Starring: Andrew Garfield, Florence Pugh, Grace Delaney, Lee Braithwaite
Distributor: StudioCanal
Runtime: 108 mins. Reviewed in Jan 2025
Reviewer: Fr Peter Malone msc
After an unusual encounter, a talented chef and a recent divorcée fall in love and build the home and family they’ve always dreamed of, until a painful truth puts their love story to the test.
We live in time, moment by moment, day by day, year by year, a linear progress. But, in time, we also have the capacity for moving backwards and forwards in our memories.

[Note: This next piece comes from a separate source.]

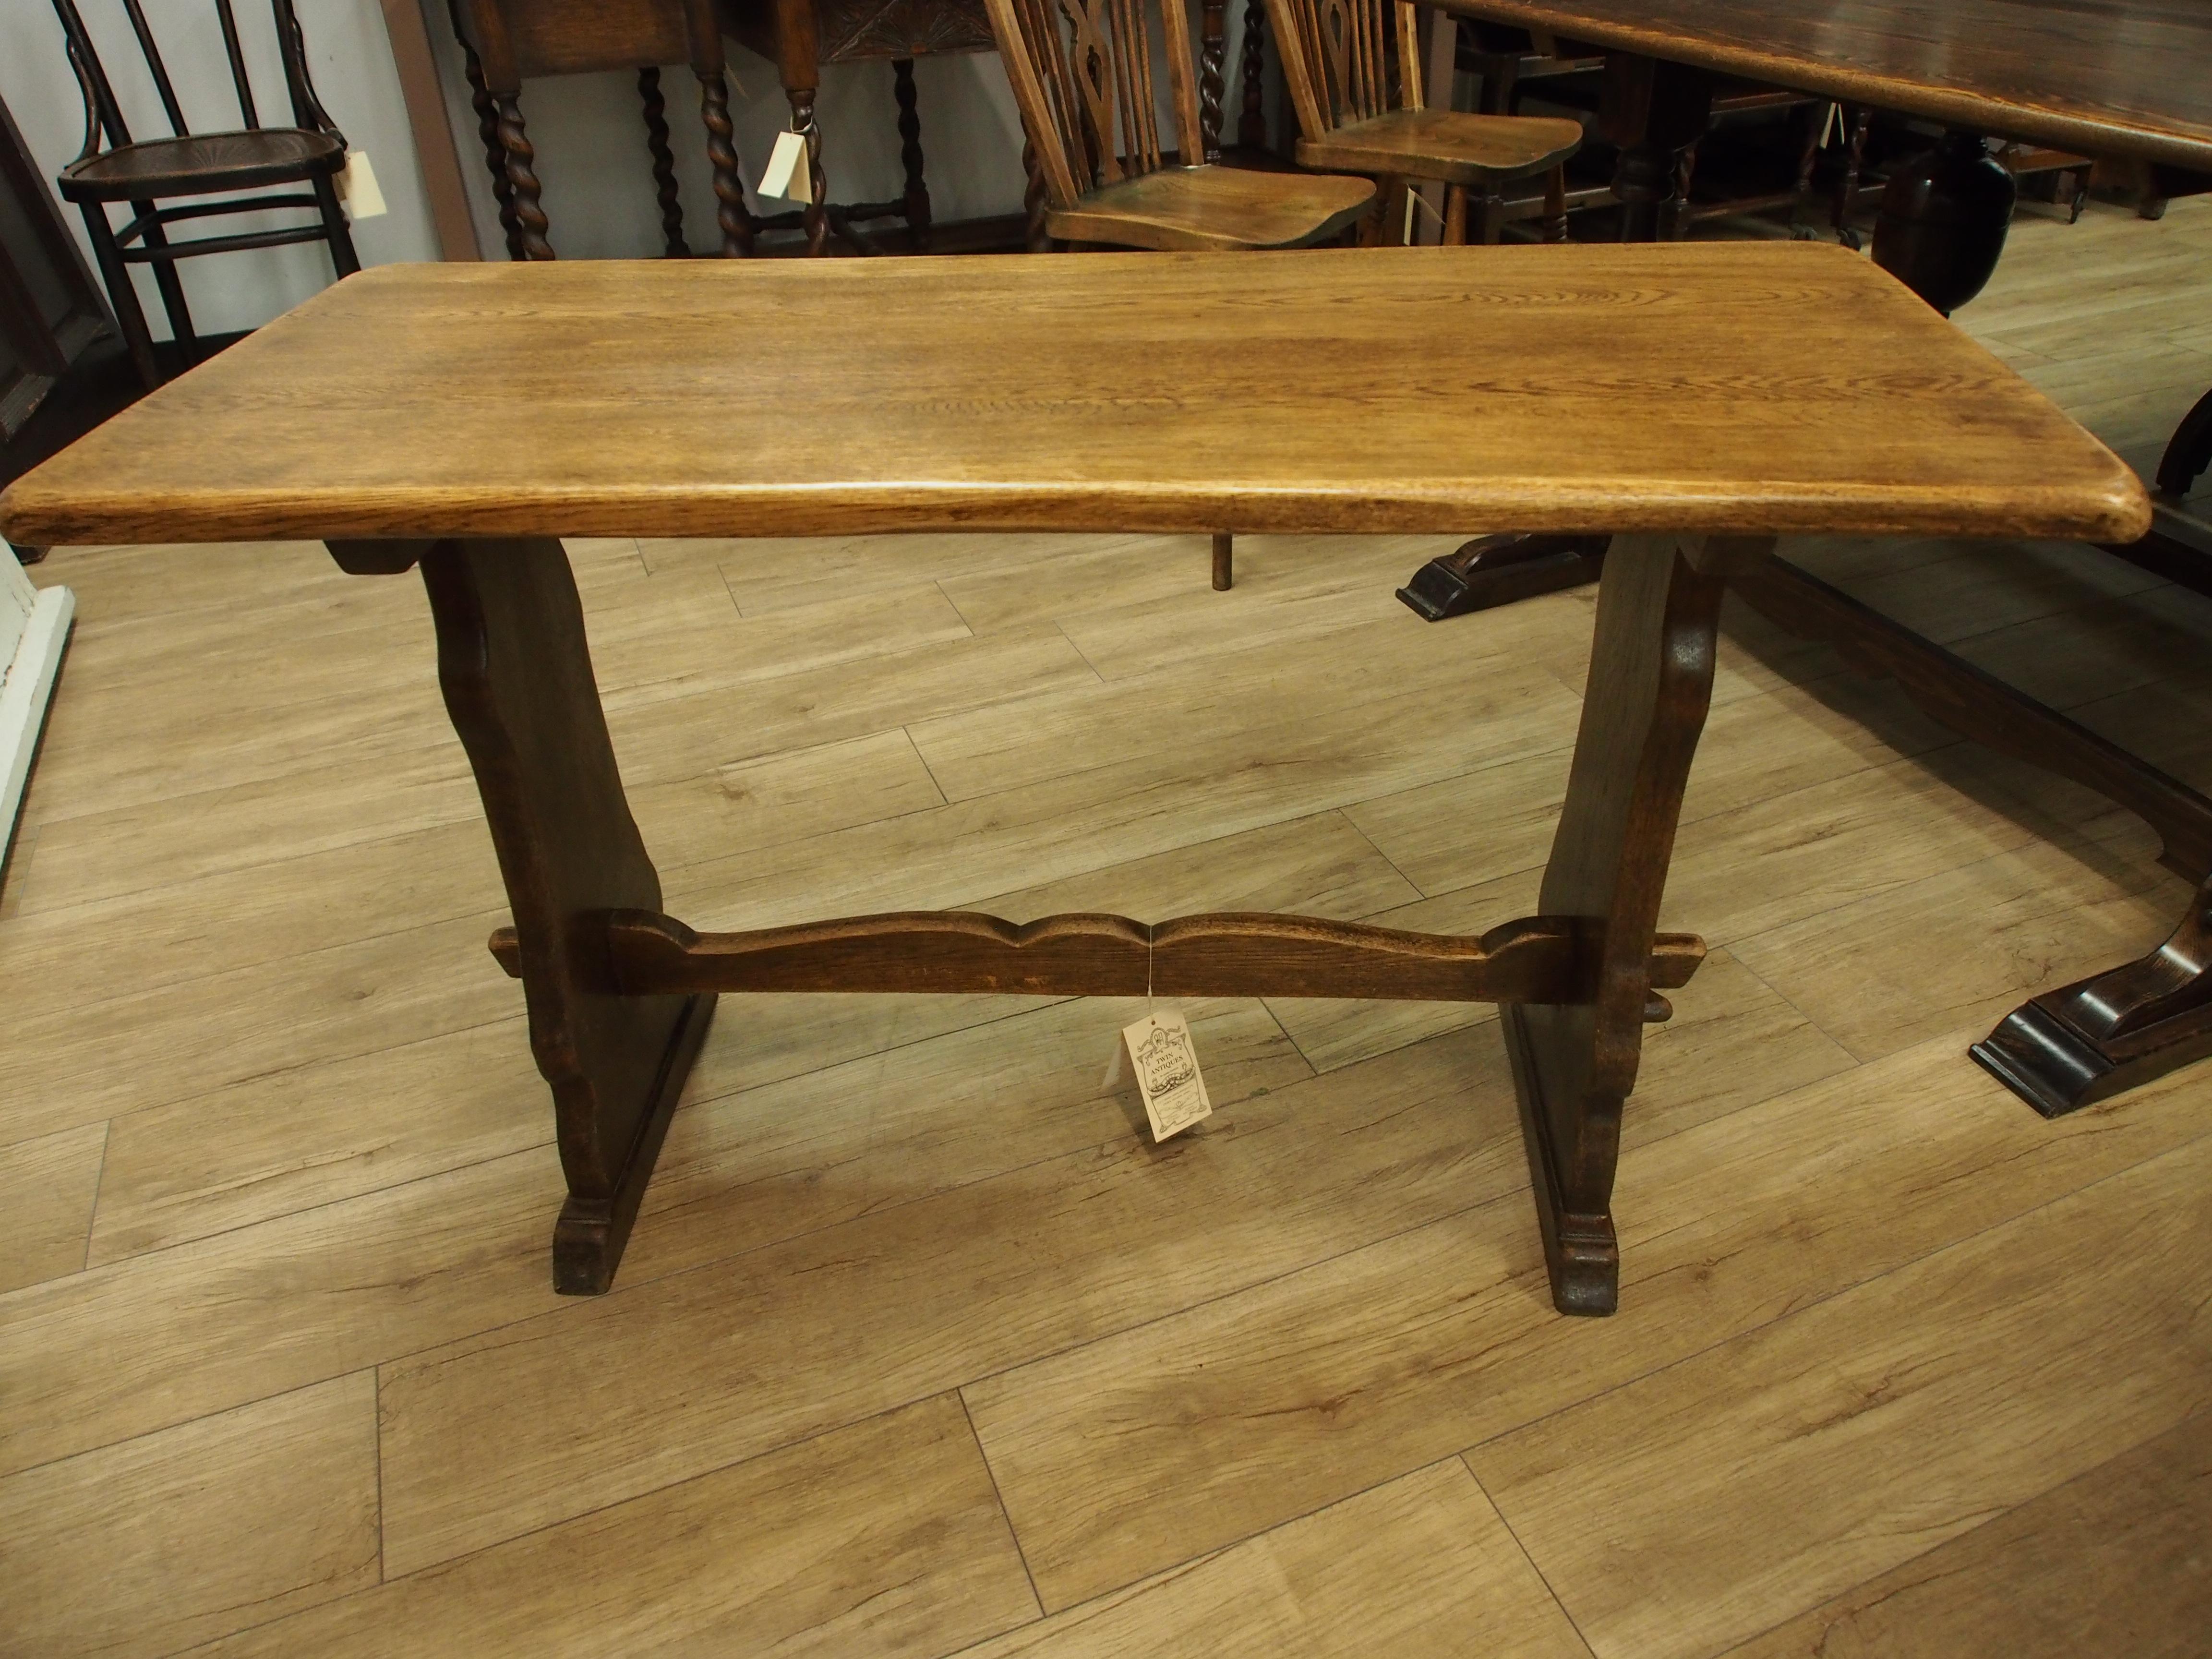 アンティーク家具 箕面 リフェクトリーテーブル ダイニングテーブル テーブル 二本脚 ソリッドオーク カントリー ヴィンテージ家具 ビンテージ家具 イギリスアンティーク イギリス 英国家具 イギリス家具

It is important to note this for this film because rather than the linear progress of a couple meeting, falling in love, having a child, coping with illness, the screenplay moves backwards and forwards, sometimes disconcertingly with the audience having to be alert to appreciate at which period in time the action is taking place. Which means that the experience for the audience is not immersive as a linear exposition would offer, but, rather, a variety of responses as we move backwards and forwards in time for insights and comparisons.
And, with living in time meaning from birth to death, this film is very strong in an unusual and sometimes graphic (but happy) birth sequence as well as a contemplation of illness and death.
The direction by Crowley (Brooklyn, The Goldfinch) gives strong opportunities for performance by the two stars. Tobias (Garfield) meets Almut (Pugh) when she knocks him down in her car – not the most propitious of meetings. In fact, this is very much Pugh’s film. Her strong screen presence has been shown in a range of films – comedies, dramas and even Marvel Universe action movies. She dominates We Live in Time with her personality, her moods, her skills as a chef, her pregnancy and the challenge of the birth, her love for her daughter and then her having to face serious cancer.
Moving backwards and forwards in time, we do have the opportunity to appreciate Almut’s response to her illness in the light of her previous activities, approaches to life. And, while she is fully alive with her husband and child, her skills as a cook, a chef, are significant, propelling her, even as she is sick, to join in the UK team in a chef’s competition in Italy.
The film has a strong female sensibility (though written and directed by men), inviting an empathy with Almut, not always liking her, irritated sometimes with her, but also in admiration of how she deals with life and life challenging situations.